Source records:
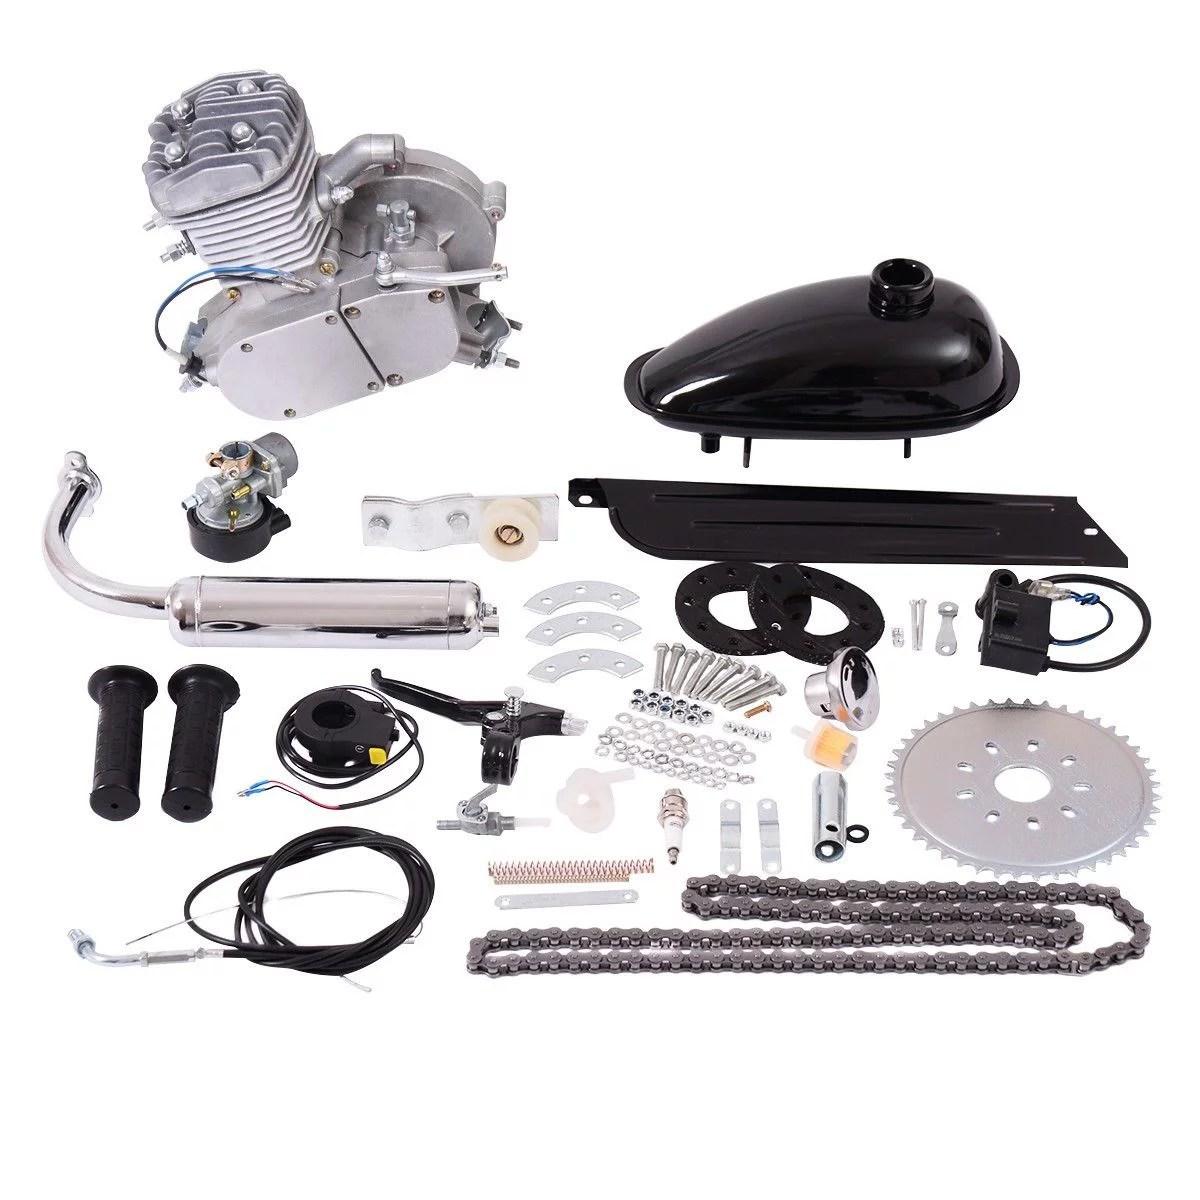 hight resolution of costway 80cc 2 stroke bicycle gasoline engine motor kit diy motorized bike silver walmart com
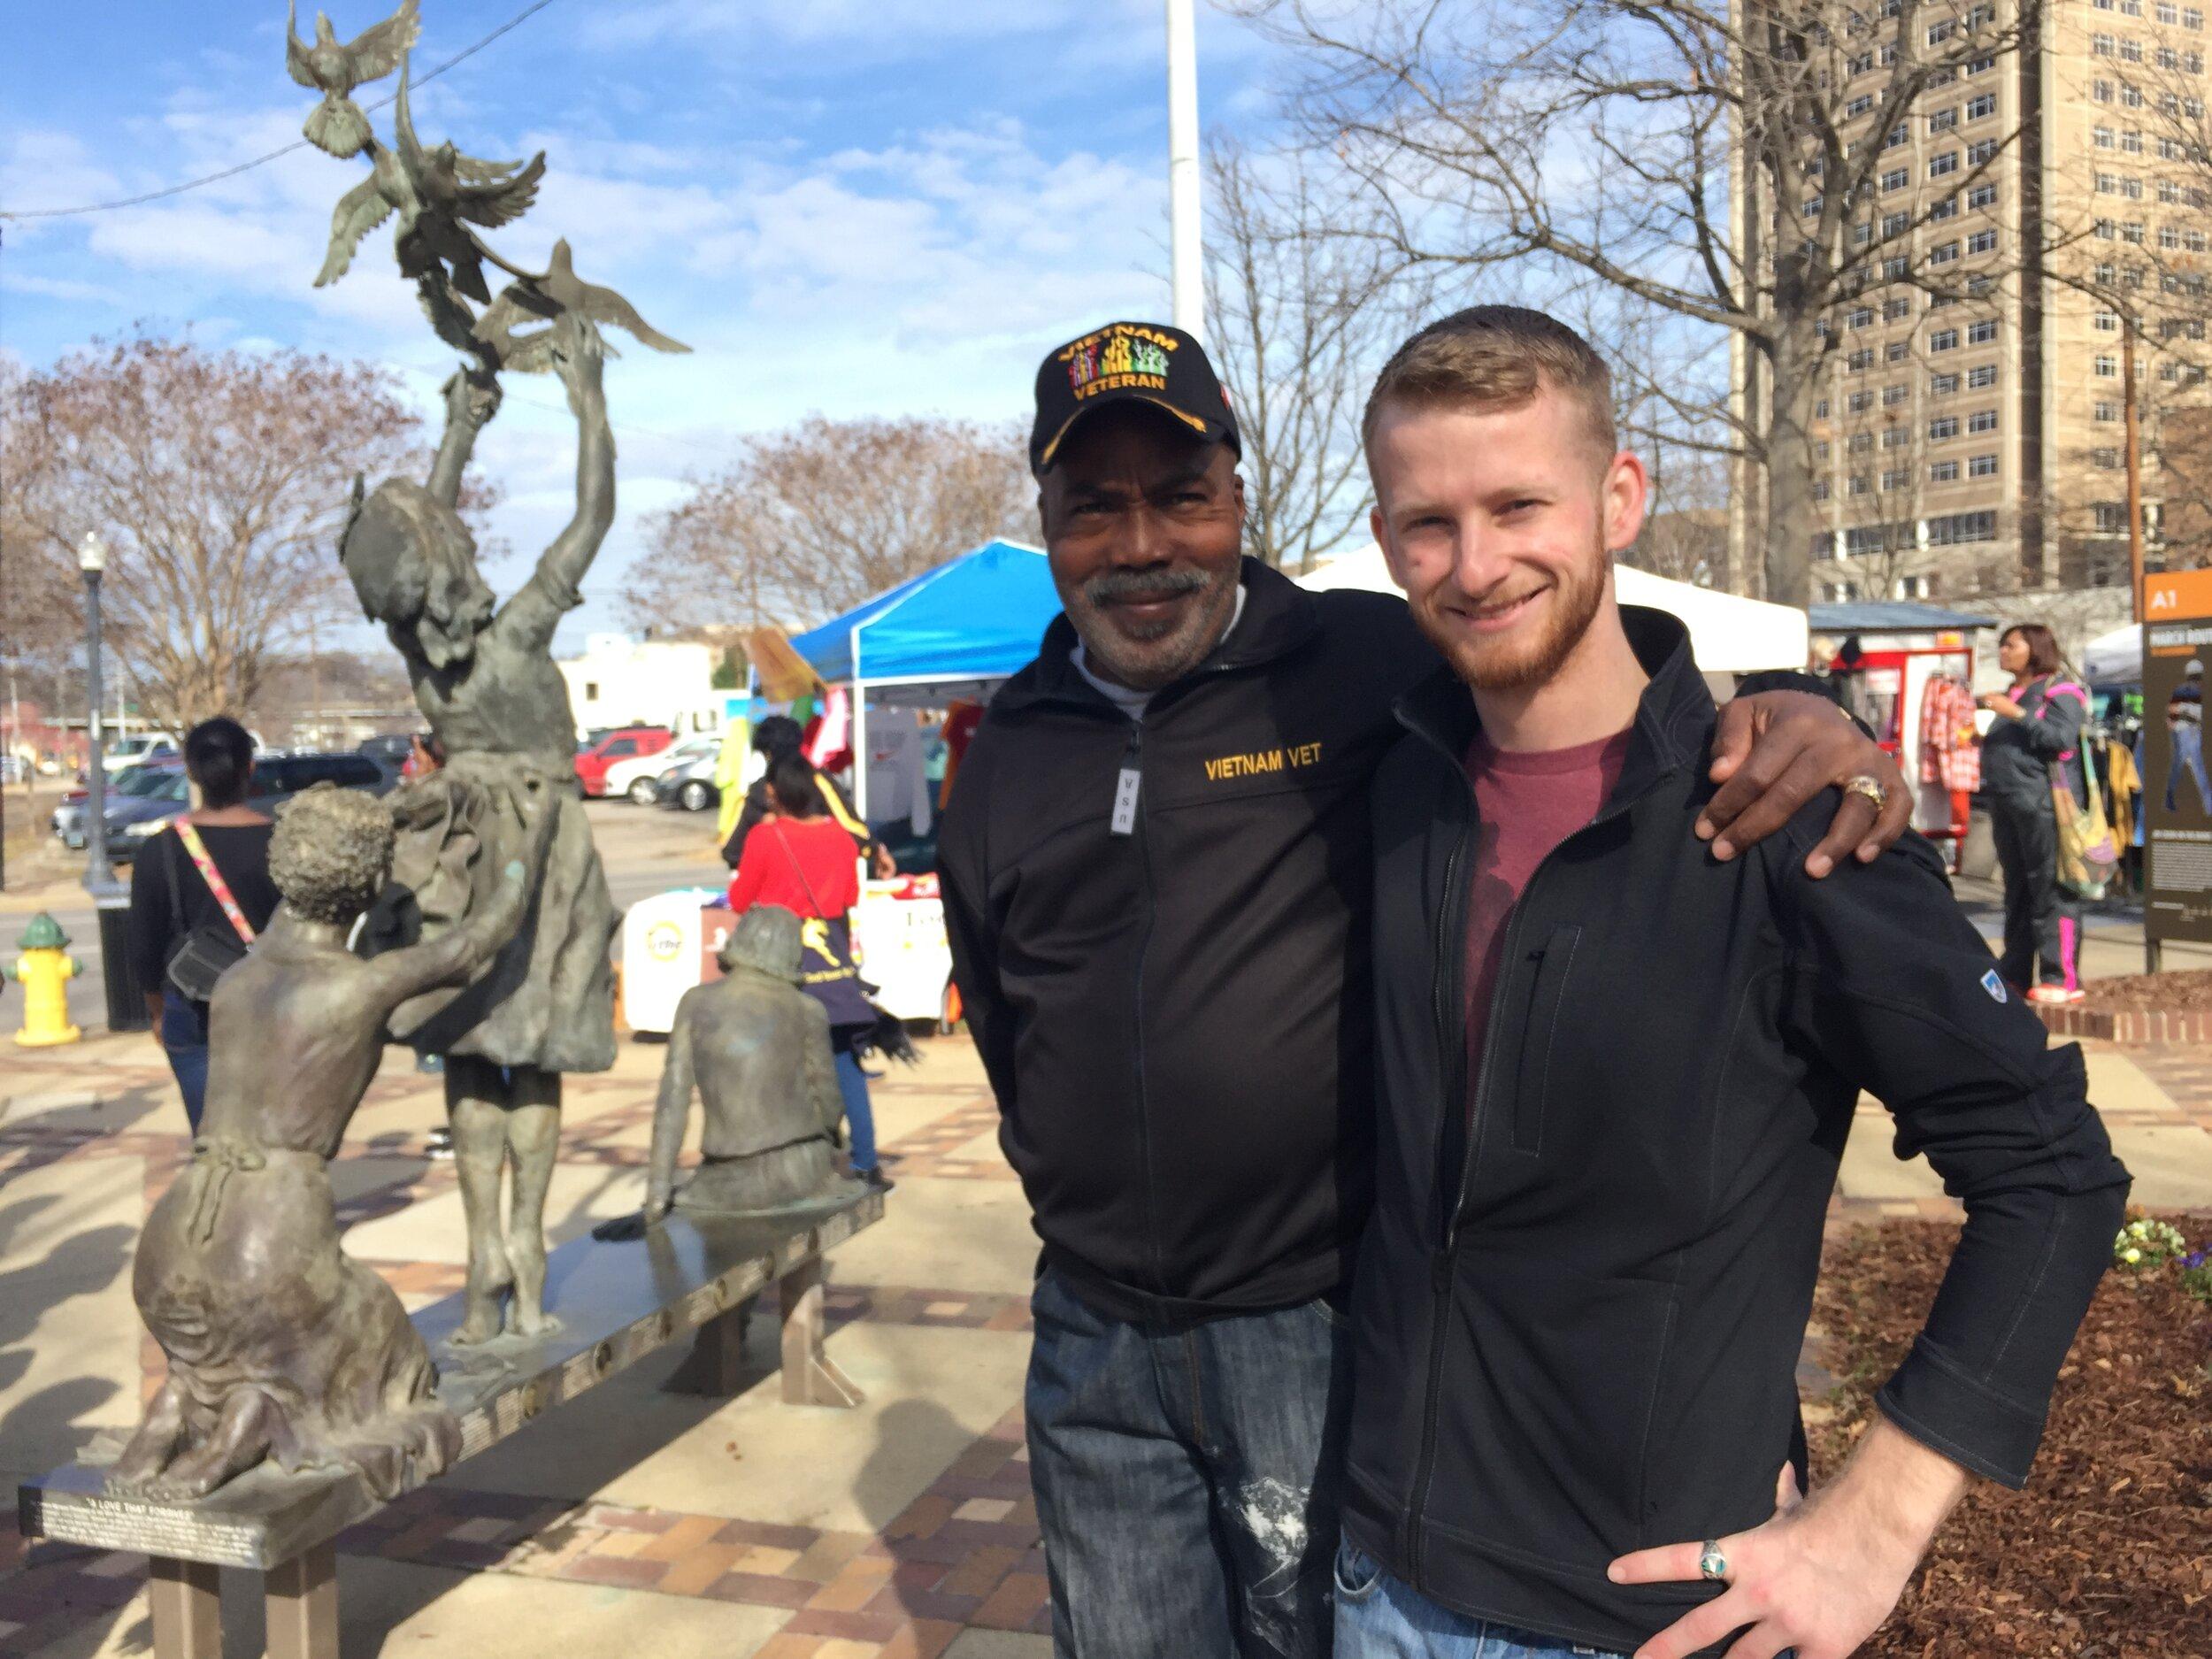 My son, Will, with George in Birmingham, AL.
...
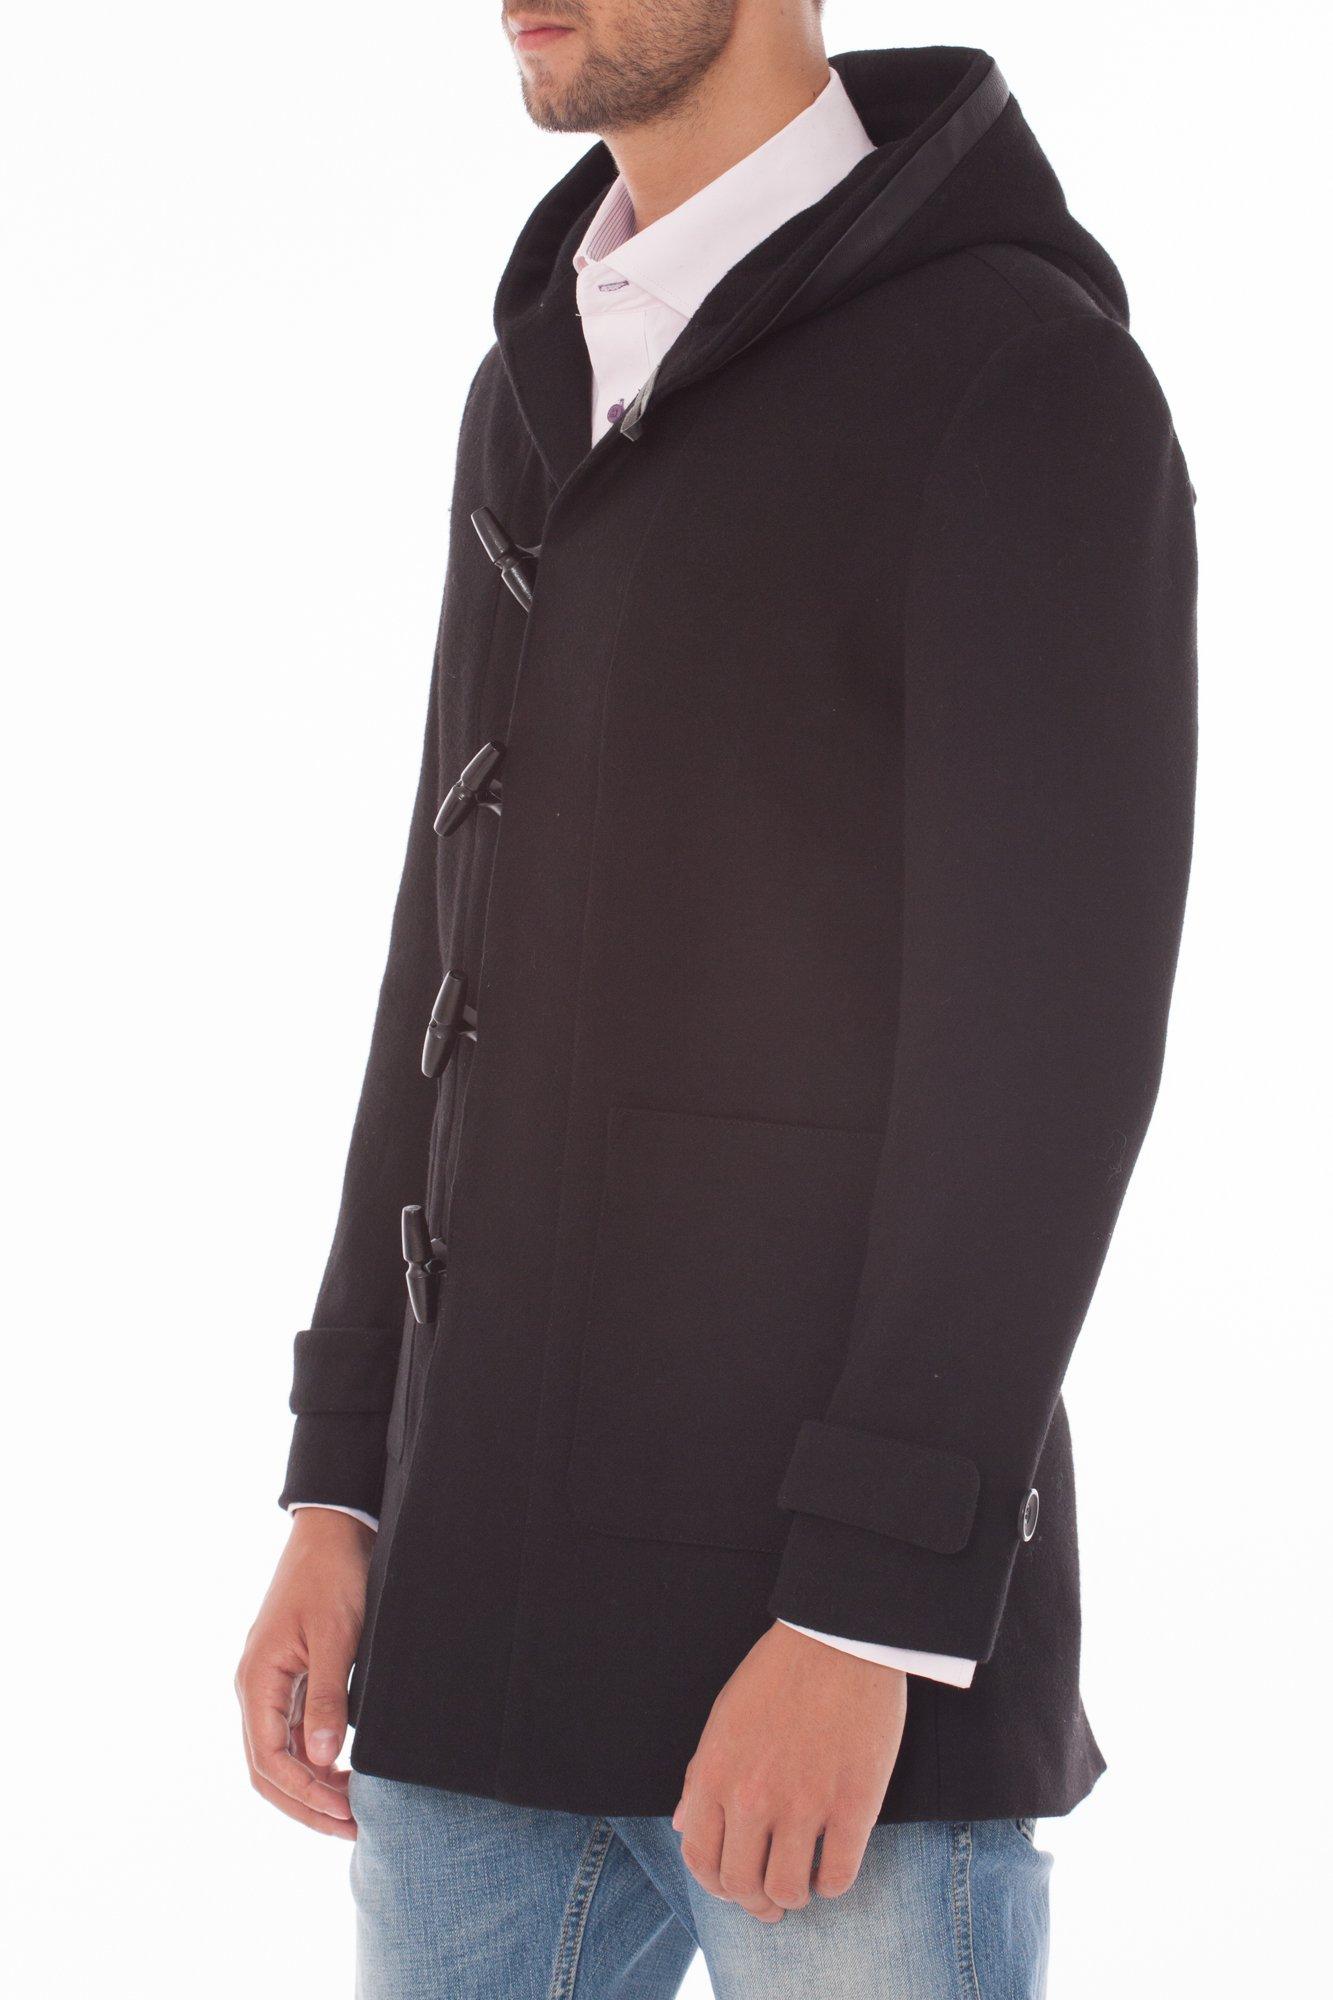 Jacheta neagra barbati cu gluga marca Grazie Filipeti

Task directions:
Everything above from the line containing "hight resolution of" down to the line containing "My son, Will, with George in Birmingham, AL." is to be duplicated exactly, both lines included, and the pictures are to be omitted.

Problem solution:
 hight resolution of costway 80cc 2 stroke bicycle gasoline engine motor kit diy motorized bike silver walmart com
 My son, Will, with George in Birmingham, AL.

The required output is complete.